Map_Reduce
This pattern described he very topical map-reduce algorithm. Map-reduce has been around for a long time and I believe it is supported natively in some functional programming languages (OCaml?) under the guise of map-fold. The pattern does a decent job of describing the component that I need (the map and reduce functions) as well as some aspects of implementing a map-reduce framework, but I think it could do with a coding example using a simple toy map-reduce library in which a simple operation such as for example scaling down images and then merge them could be implemented.
Also, the implementation section seemed to assume a master-worker paradigm underneath ("the software architecture is logically based on master-worker"), but although this is certainly one reasonable way to implement it there is no reason why one shouldn't do statical load balancing or work stealing instead in certain situations (I don't consider work stealing a sub-category of master worker as OPL does). They do later suggest a round robin (cyclic) schedule for some tasks, but I still think they put too much focus on master-worker which is described elsewhere and really an implementation detail of this pattern.
I also wonder whether filter/reduce should be discussed as a variant of this pattern. It is certainly used out there, but maybe it is a different pattern.
Finally, I their precondition that the reduce function must be associative. Perhaps this should be changed to "should for optimal performance be" as one can certainly get great speedups from the map phase even if the reduce step has to be performed sequentially.
Event-based, Implicit Invocation
This pattern discusses the architecture of event-based systems. One very common example of this is GUI framework where events that are mainly triggered by the user are passed on to event handlers that subscribe to that event type. This pattern was contained more details than the other OPL patterns we have read and for that reason I thought it was one of the better ones. However, at one point they state that "load balancing is significantly simpler with a centralized medium". Does not a centralized medium make the load balancing problem go away entirely for this pattern?

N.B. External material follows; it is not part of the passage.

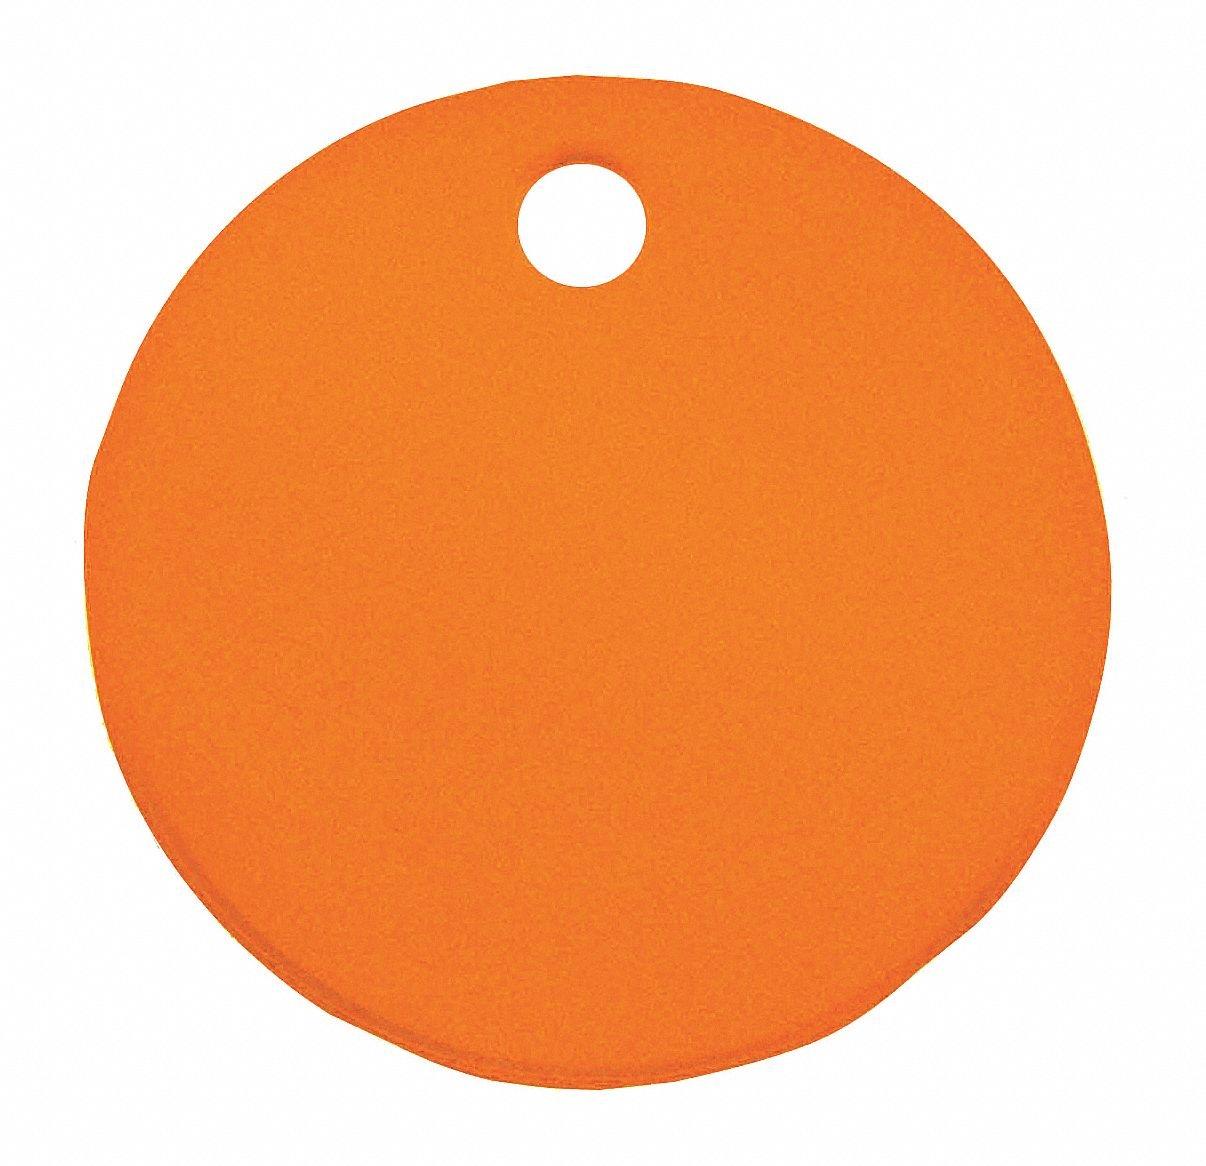 Orange Blank Tag, Aluminum, Round, 1'' Height, 5 PK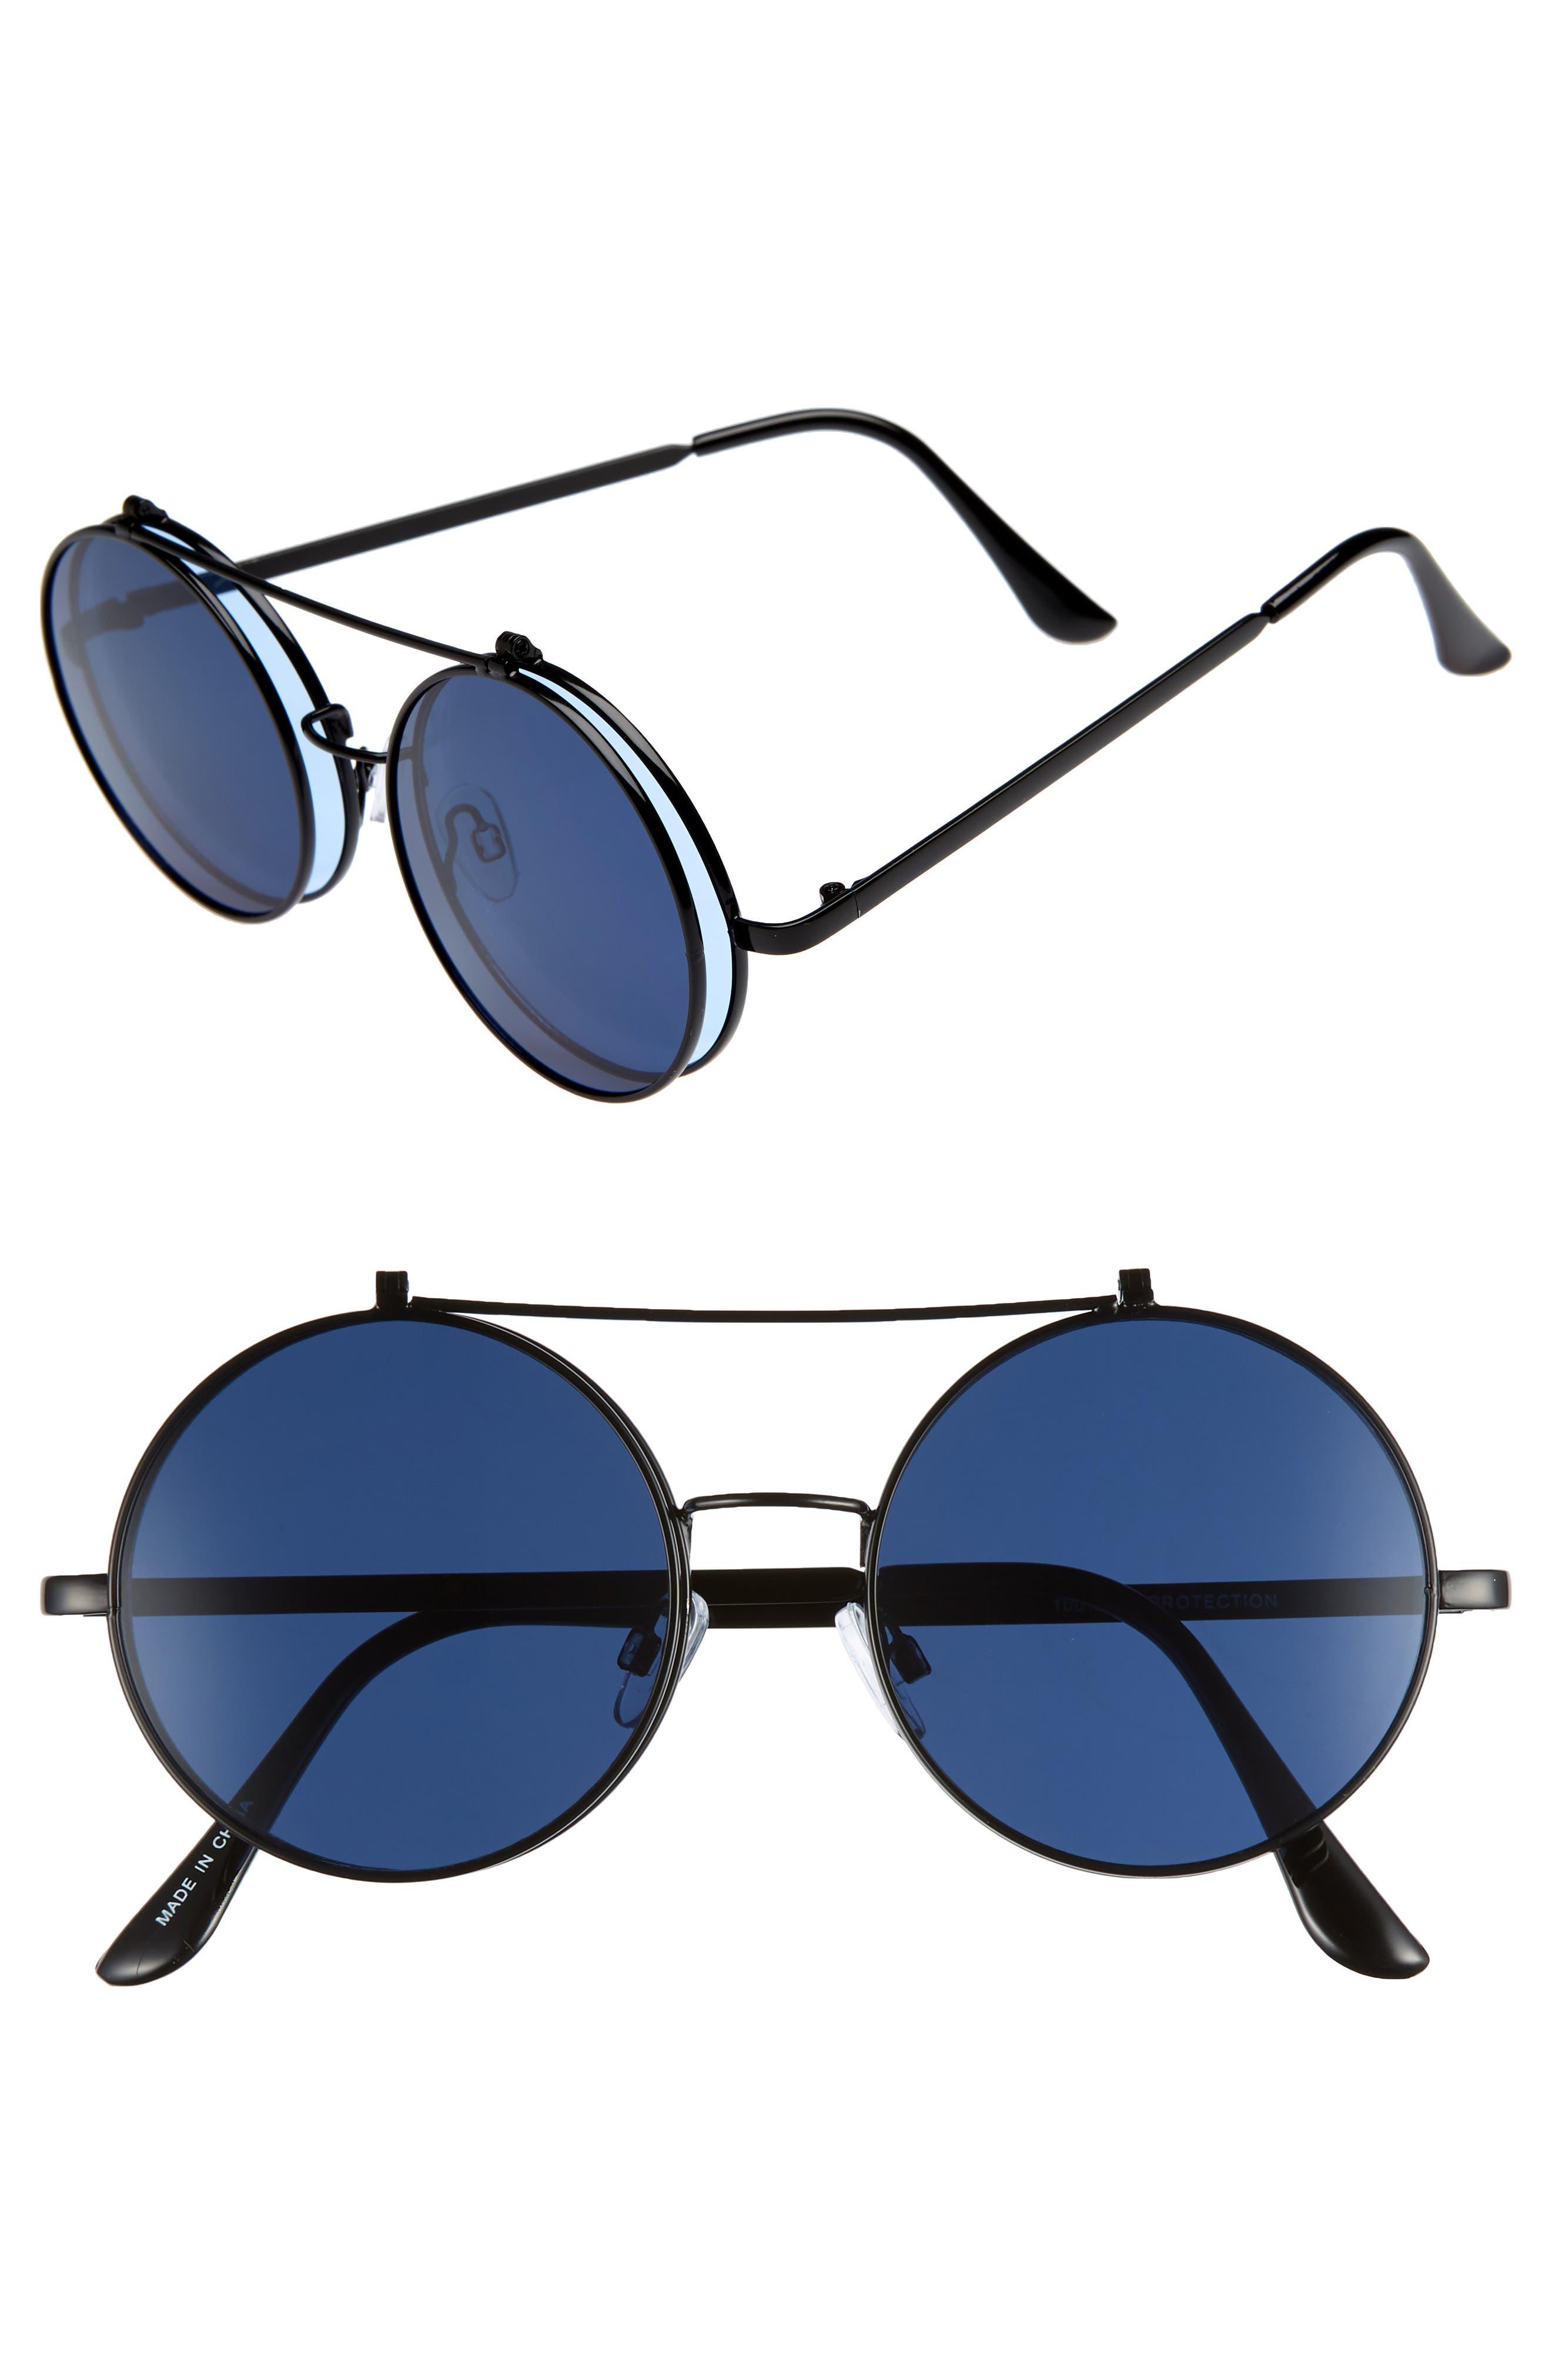 50mm Round Flip-Up Sunglasses,                         Main,                         color, BLACK/ BLUE

Later on in the example section they discussed GUI event-based systems. These systems have a centralized manager and this is identified as the biggest impediment to scalability. However, I would claim that the biggest impediment is not the centralized manager, but the fact that the event handling is done as blocking functions. If any of these functions take some time to complete they will block everything. This can also be hard to figure out as if one for example use file IO then everything may work well, but then the GUI suddenly starts to lock when one start accessing files through a networked file system. I thought such issues, seeing as they are so common with this very important case of event-based systems, deserve to be mentioned more clearly.